§ **TASK PROMPT**
In the entries below, find the line with "Rotunda Entrance To" and the line with "Seventh view of"; copy them and every line between them exactly, but not the pictures.

§ **PROVIDED RECORDS**
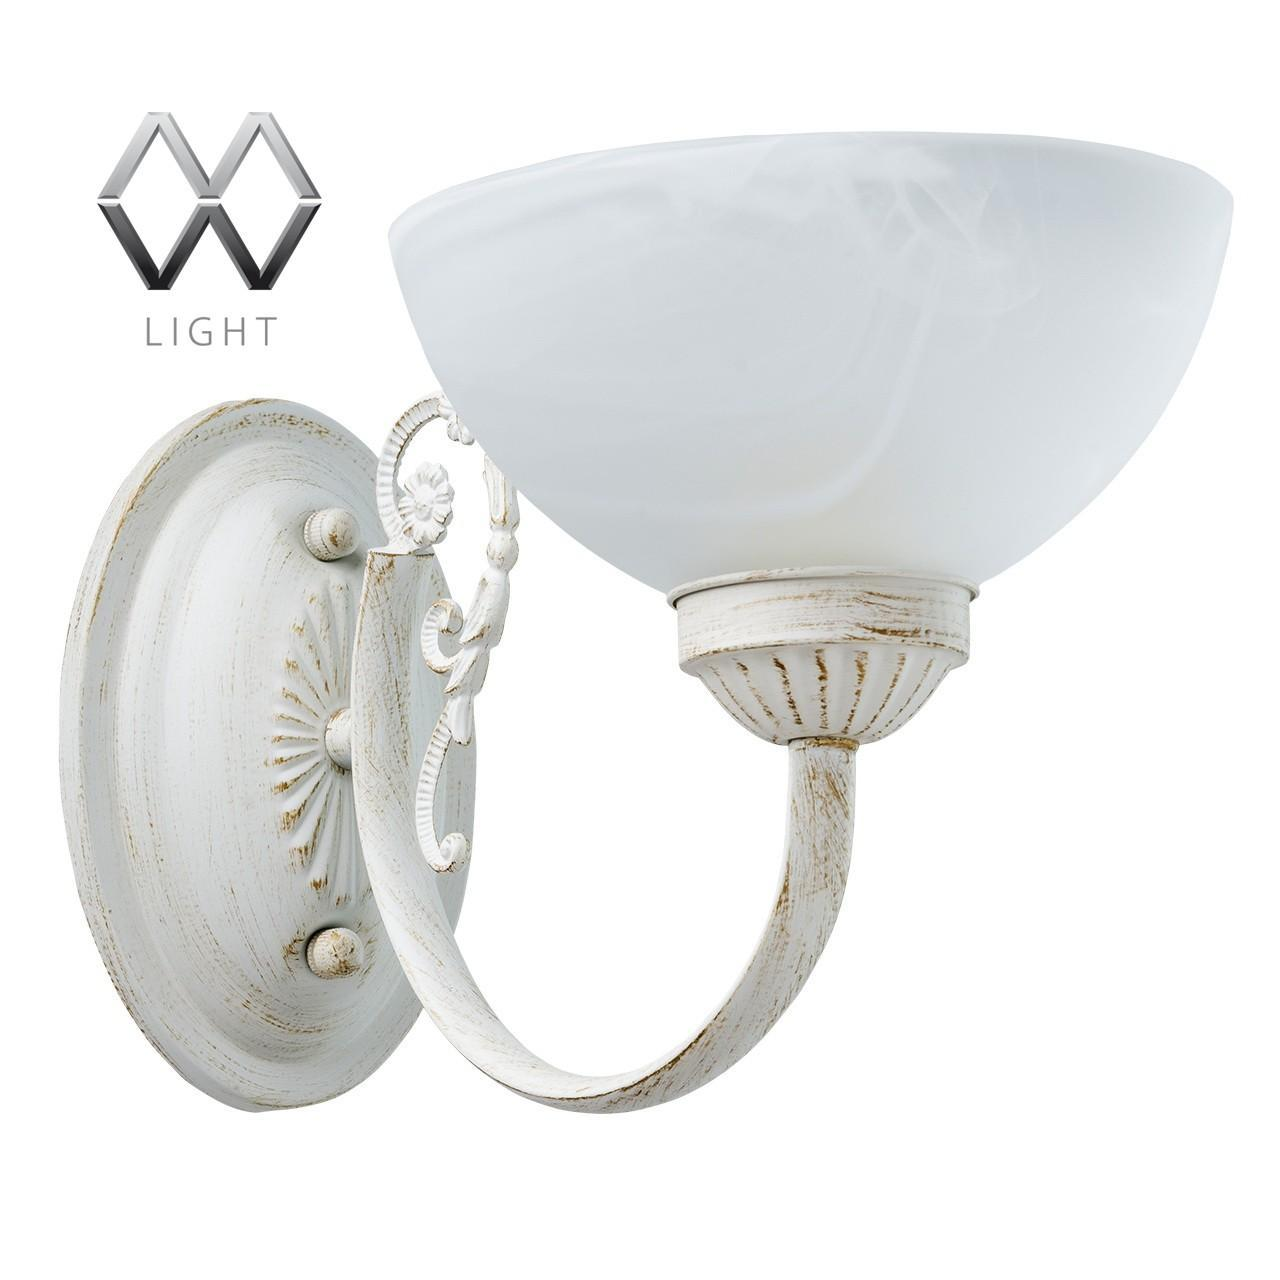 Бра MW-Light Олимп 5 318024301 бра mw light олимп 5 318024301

* * *

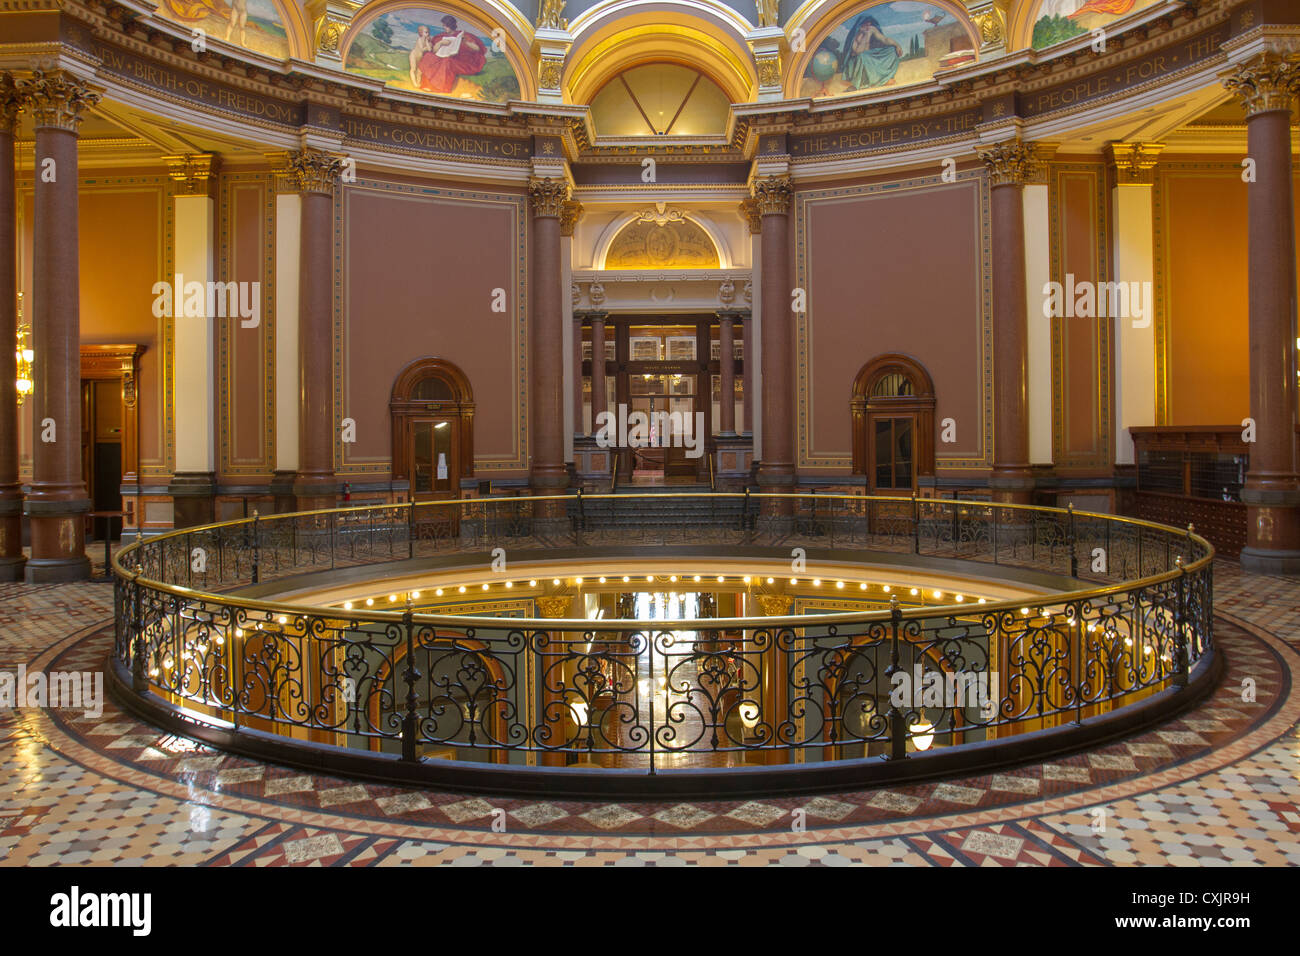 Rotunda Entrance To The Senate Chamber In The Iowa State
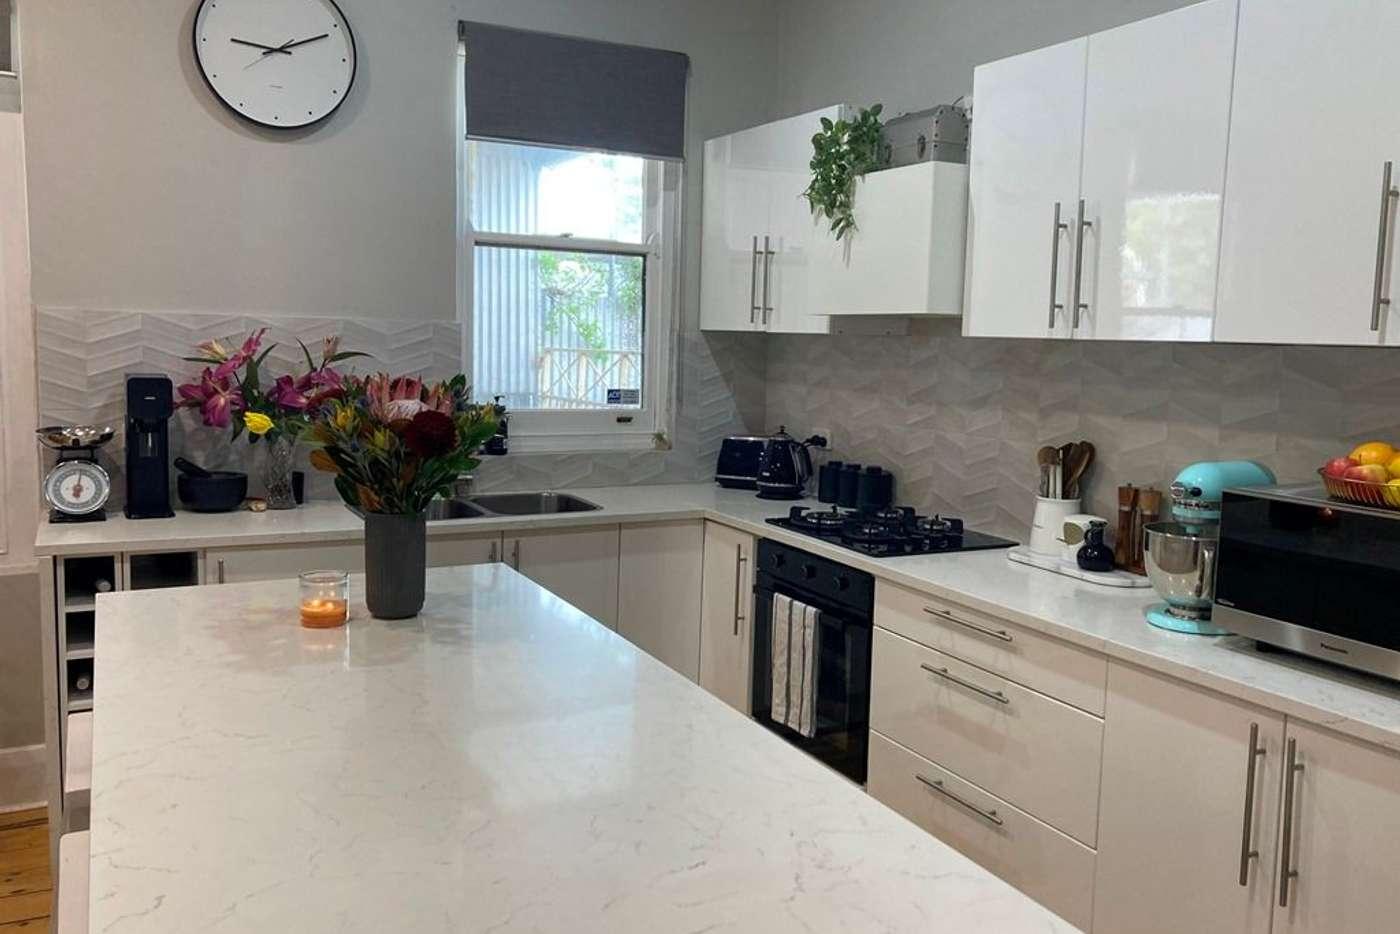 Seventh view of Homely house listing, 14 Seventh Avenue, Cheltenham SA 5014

---

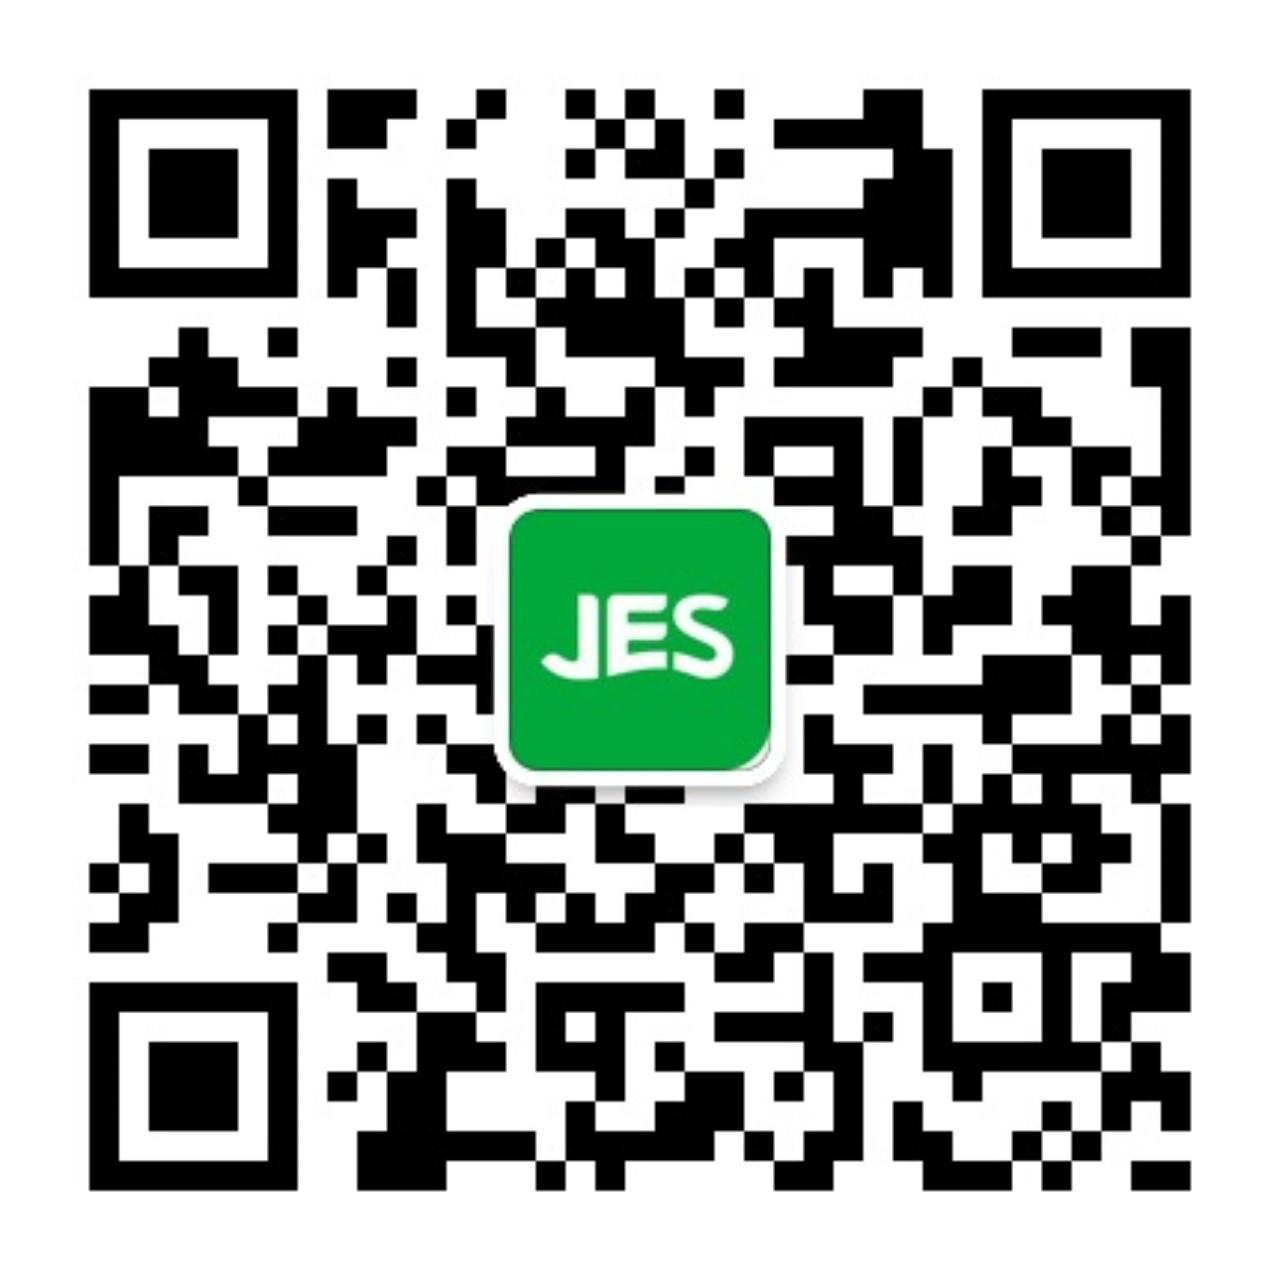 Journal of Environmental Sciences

§ **ANSWER TO THE EXERCISE**
 Rotunda Entrance To The Senate Chamber In The Iowa State
 Seventh view of Homely house listing, 14 Seventh Avenue, Cheltenham SA 5014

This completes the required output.